Repackaging Macadamias

So we brought back a number of gifts from Sydney with us – namely nuts, because almost everyone in singapore is, somewhat oddly, fanatic about macadamias. The thing is, we didn’t quite purchase enough. When you are at a shop ordering nearly 2kg of nuts it seems like a lot until you realise you need to split it between your families, your colleagues, etc. So the obvious solution is to repackage:

We got the idea to cut and fold up paper plates from Pinterest. I didn’t do as nice a job here (the plates we got were too small) but I think it’s decent enough for Singaporean design standards.


There weren’t as many flavours as I had hoped (like abalone, etc.) but there was chilli


and honey roasted.


I think they look just adorable with the little pegs (which I collected back from everyone for reuse lol.)

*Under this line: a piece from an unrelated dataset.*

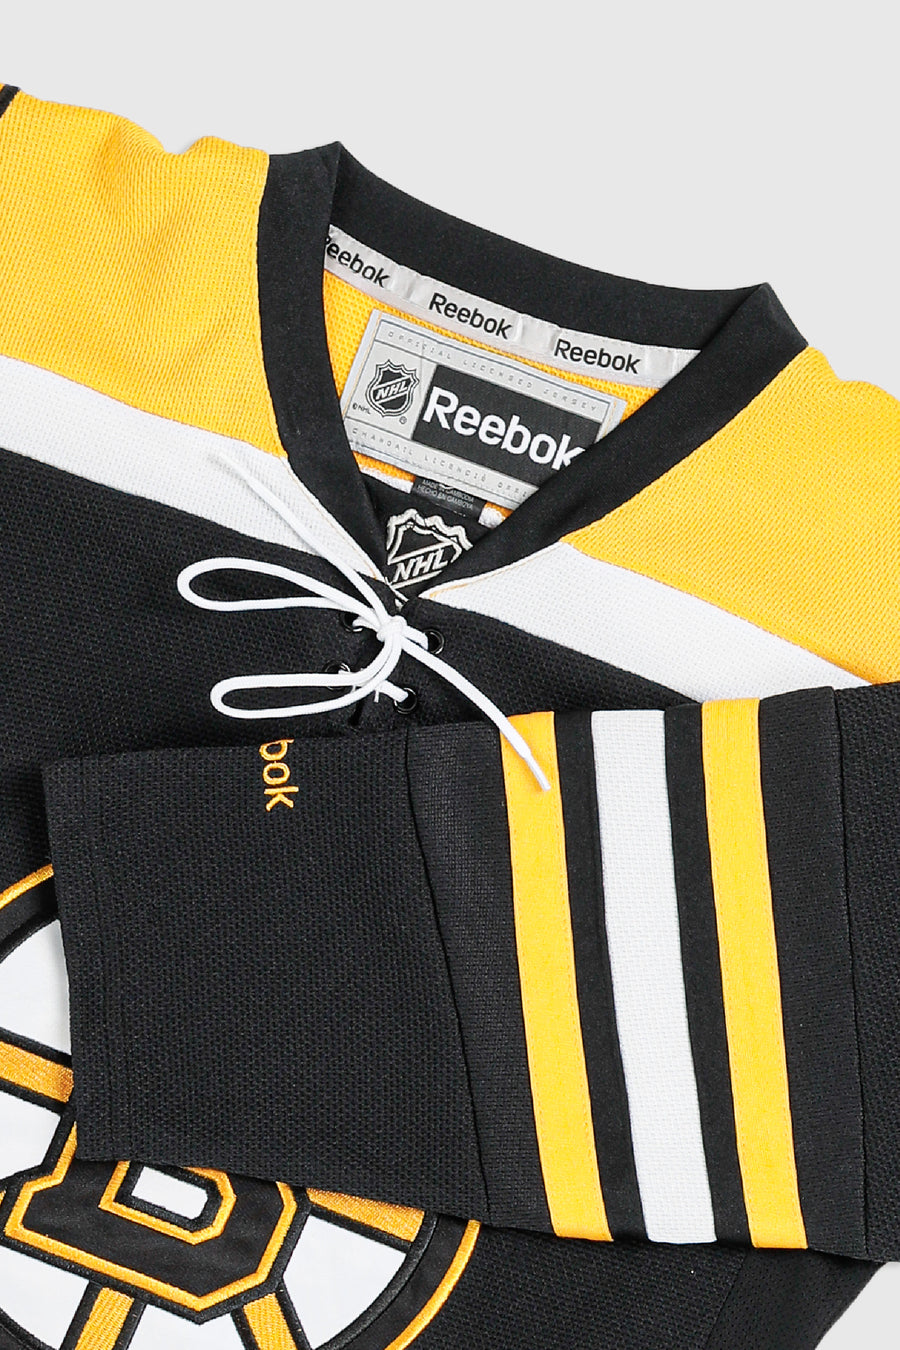 Vintage Bruins NHL Jersey - Women's XS
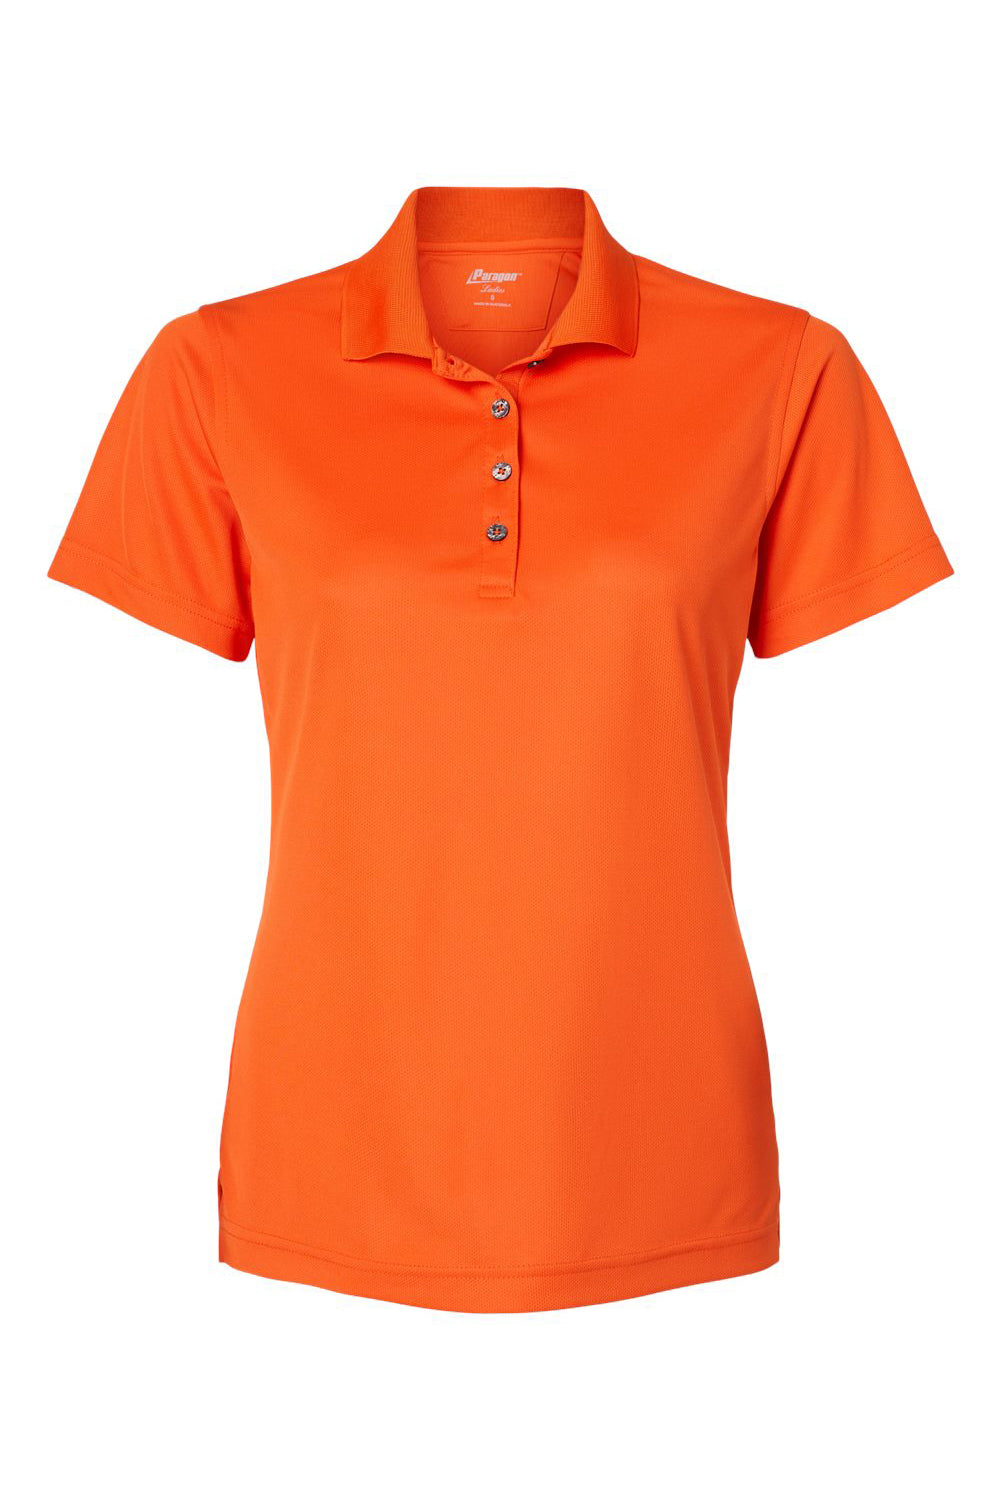 Paragon 104 Womens Saratoga Performance Mini Mesh Short Sleeve Polo Shirt Orange Flat Front

I also purchased some raw macadamias to make macadamia cookies. After walking around Candy Empire in Star Vista looking for white chocolate chips (to no avail) we discovered packages and packages of macadamia shortbread, so I made that instead. Much easier, in my opinion, apart from the fact that you have to cool these babies in the fridge for 2 hours to preserve the sharp edges of the knife cut.


I made the Scottish shortbread finger style, as well as the round button shaped ones pressed down with a fork and sprinkled with vanilla sugar (supposed to be for Creme Brulee but I haven’t made that in a while)


Here it is with the vase I brought back from Opus Design Co. on Oxford Street in Paddington.

Liangze and his friends inhaled an entire tray of these almost instantaneously while playing Citadels and I had to give them more in ziplocs to take home.